Она отвернулась:
– Да что говорить… Ты его даже не знал.
«Когда исчезли солнечные зайчики? – удивился Митя отстраненно. – Я-то думал, они приросли к ней…»
Присев рядом с дочерью – жаркие отблески вспыхнули на голых коленях – Дайна поцеловала темные волосы на макушке, почти такие же вьющиеся, как ее собственные.
«Может, это еврейское имя? – впервые пришло ему в голову. – Дайна… Еврейки кудрявые. И есть чертовски красивые. Помнится, в «Сашке» у Лермонтова. Моя первая эротическая литература… Не забудешь, как пробирало, порнофильмы рядом не стояли».
– Марину мы как-нибудь проведаем, – пообещала Дайна больше дочери, чем ему. Он-то при чем?
Олеська подняла голову. Профиль у нее был таким нежным, что солнце просвечивало его насквозь.
– Когда? – уточнила она требовательно.
– Ну… Как-нибудь… Когда она успокоится и не вопьется мне в глотку.
Мите представилось окаменевшее – ничто не дрогнет, – почти мужское лицо.
– Она способна впиться в глотку? Да ну, брось!
– Ты ее совсем не знаешь, – Дайна поднялась и поморщилась оттого, что в колене что-то хрустнуло, выдавая возраст. – Это знаешь, еще та змеища! Столько яда накопила, что самое лучше отравить может. Ты, дружок, держись от нее подальше.
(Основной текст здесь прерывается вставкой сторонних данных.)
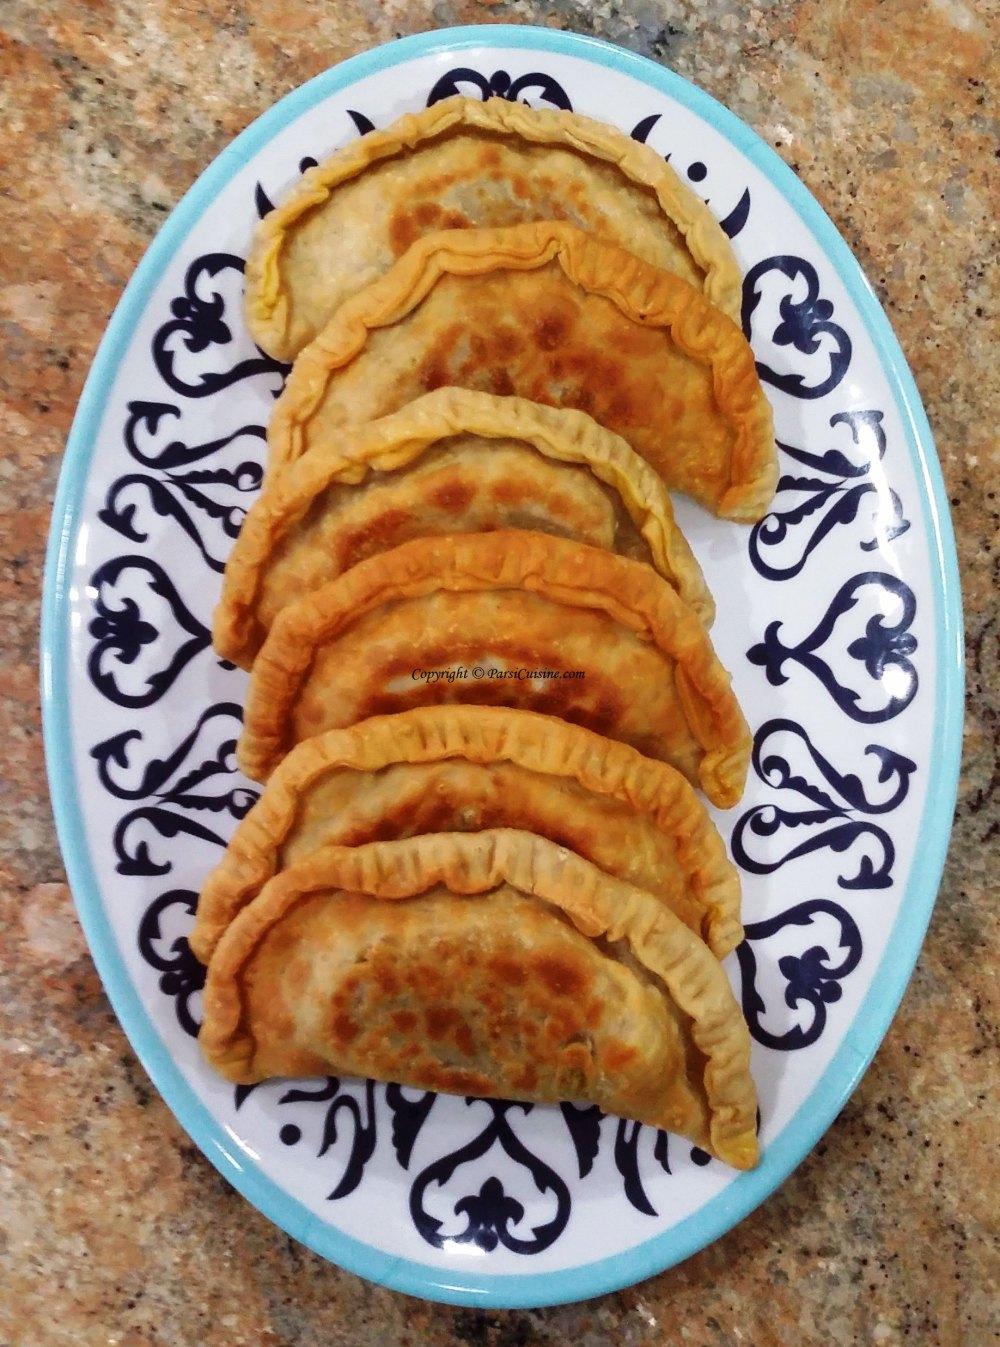 Drain on paper towels and serve Empanada hot.

Последнего Митя не услышал.
– У вас с ним и было – самое лучшее? – спросил он, не понимая, почему отводит глаза.
Она и не подумала одарить его спасительной ложью:
– Да. Лучше и быть не может.
– Но может быть по-другому, – его пробрал легкий озноб оттого, как просительно прозвучал его голос. Во что он превращается рядом с ней?!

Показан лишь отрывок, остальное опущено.